Sharon-Zisser, Shirley. "The Squire's Tale and the Limits of Non-Mimetic Fiction." 26 (1992): 377-94.
The Squire's Tale is about the tension and limits of multiple ways of reading. The tale alternates between the poles of fantastic and metafictional narrative. The opening of the tale, the magical setting, and the way in which the knight creates an interruption and so disolves "the limits by which the recipients' society (and . . . the depicted society) defines and so orders its concept of 'reality'" (379) focus attention on the fantastic. The knight's language, strange to Cambyuskan's court, emphasizes his position as other. The gifts the knight brings force readers to read metafiction. Also, the narrator uses occupatio and diminutio to shift attention to the language and manner in which the tale is told.
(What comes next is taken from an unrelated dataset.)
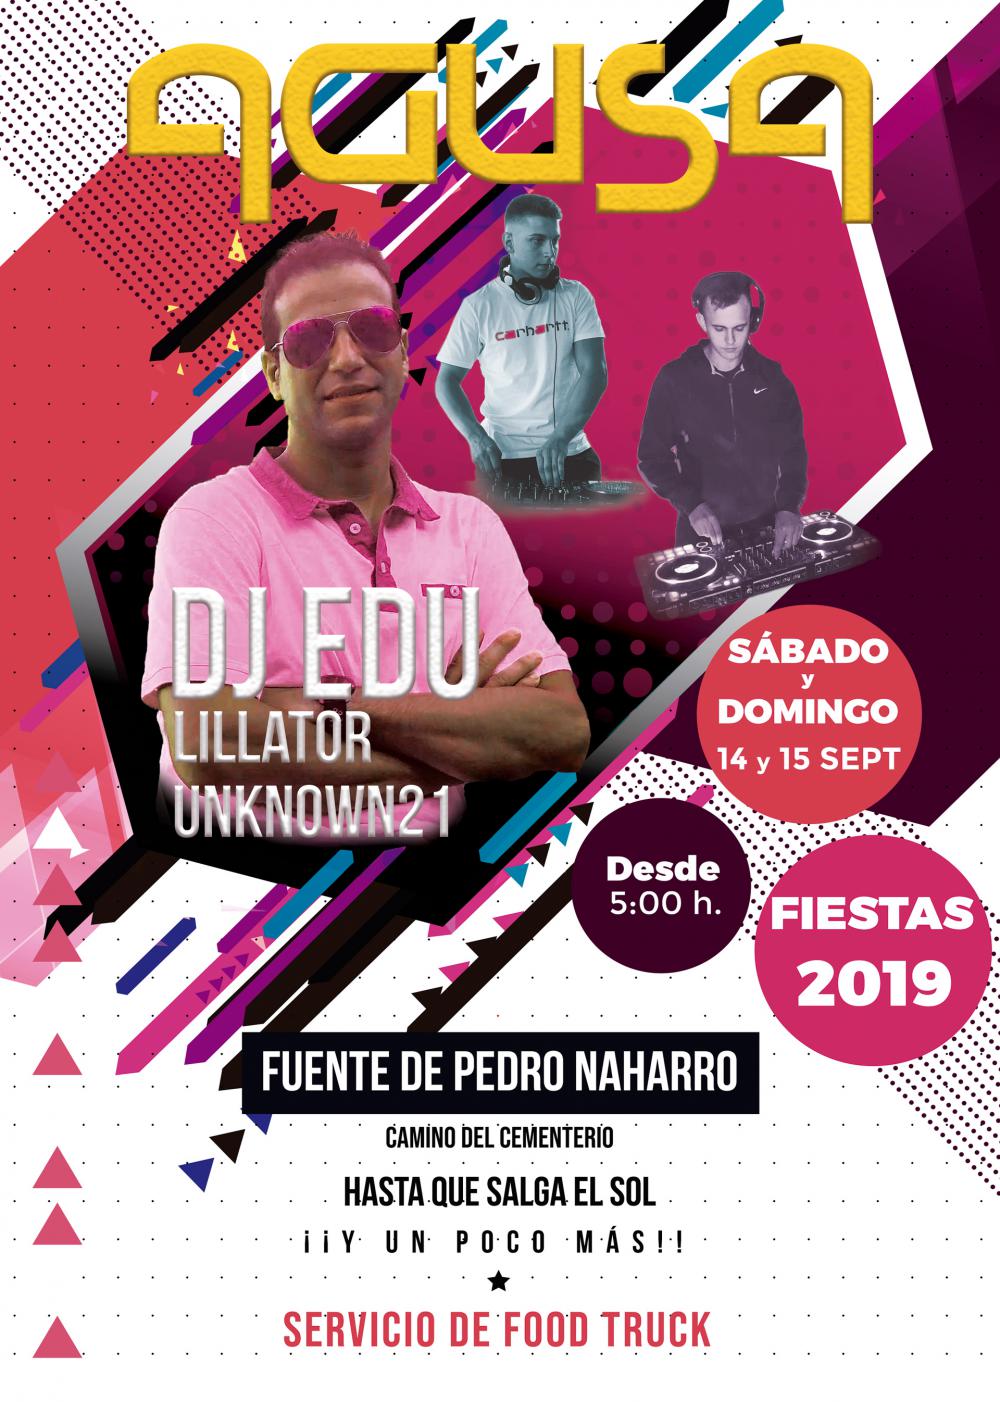 Cartel Festival Fuente de Pedro Naharro 2019
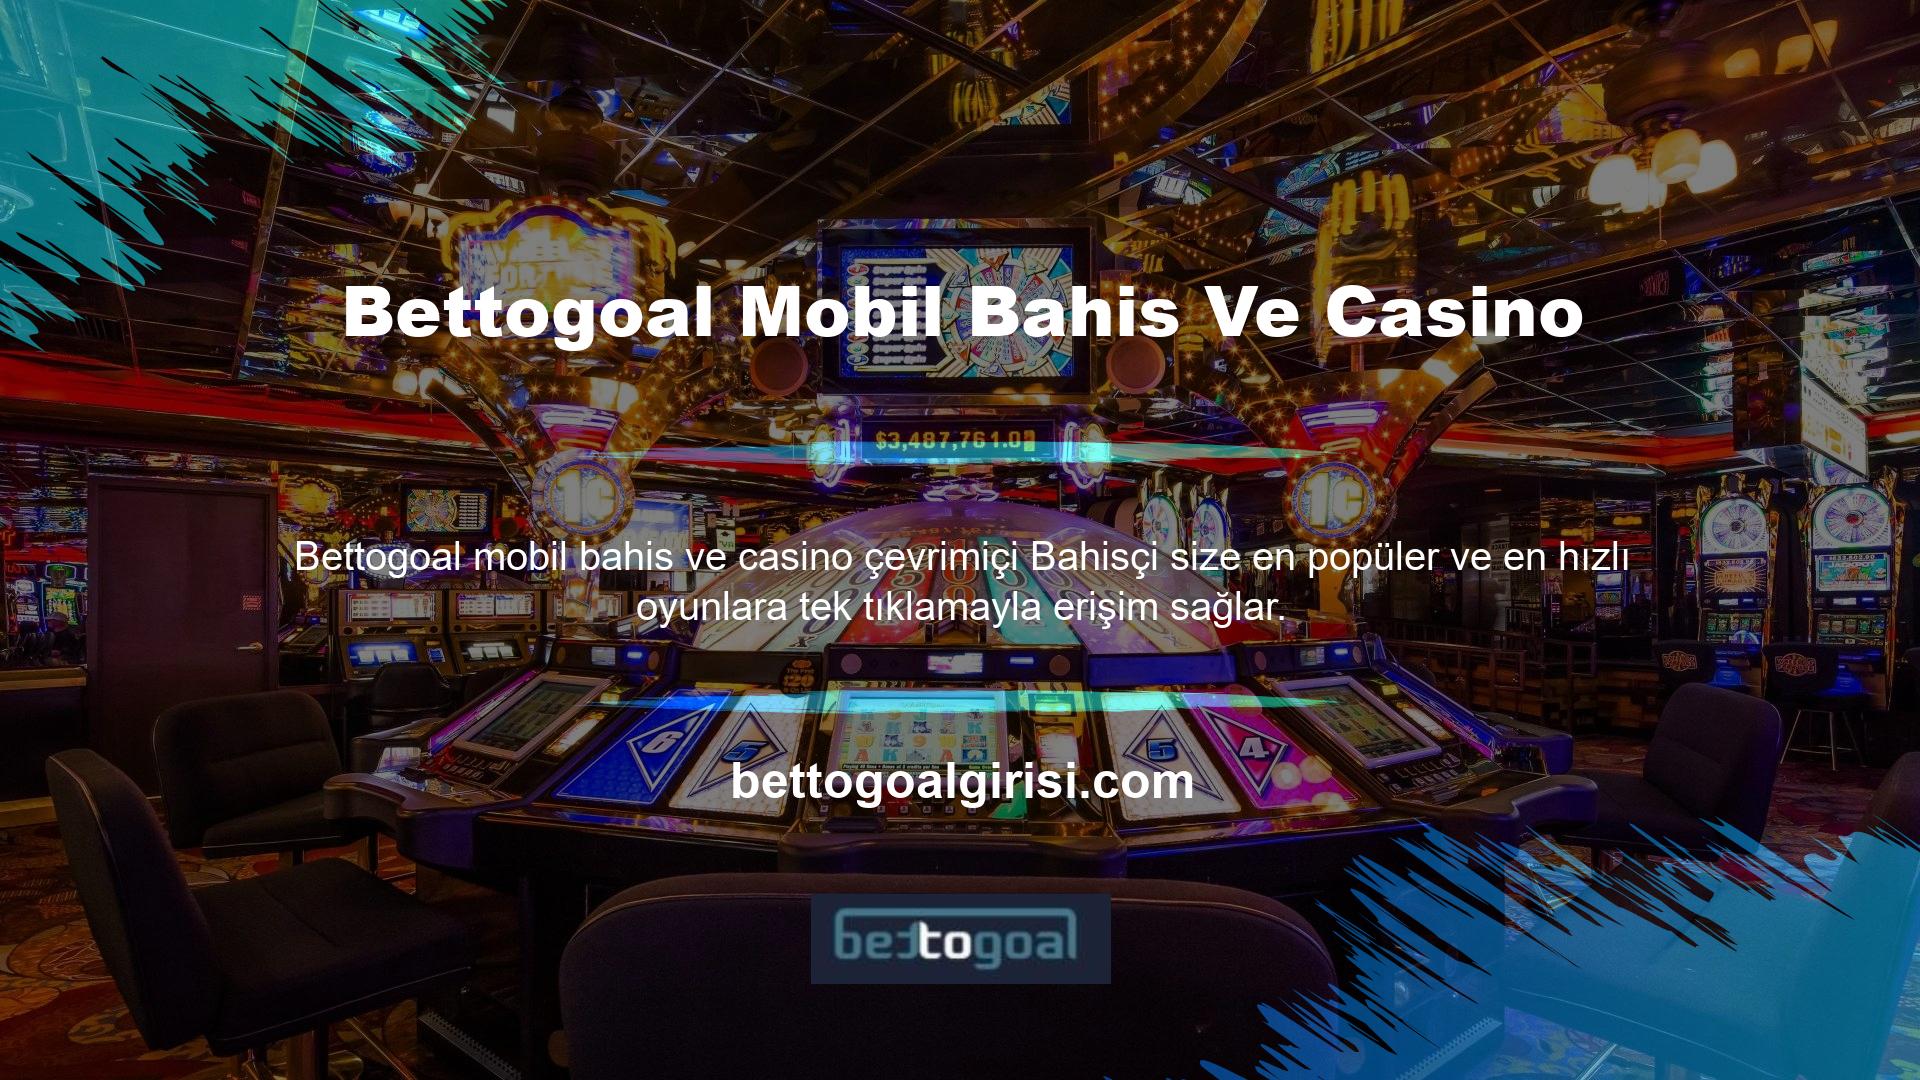 iOS ve Android bahis desteği sunan bu mobil platform, spor bahis oyunlarından casino oyunlarına kadar çok çeşitli oyunları cebinize getiriyor

Both the metafictional and the fantastic ways of reading use the tension between "an ideal and a subversion of norms" (386), and both insist that readers use one particular method to the exclusion of the other. The Squire, in telling his tale, smudges the boundaries between literal and imaginative language. Ultimately the Squire's Tale forces readers to admit the boundaries of fiction.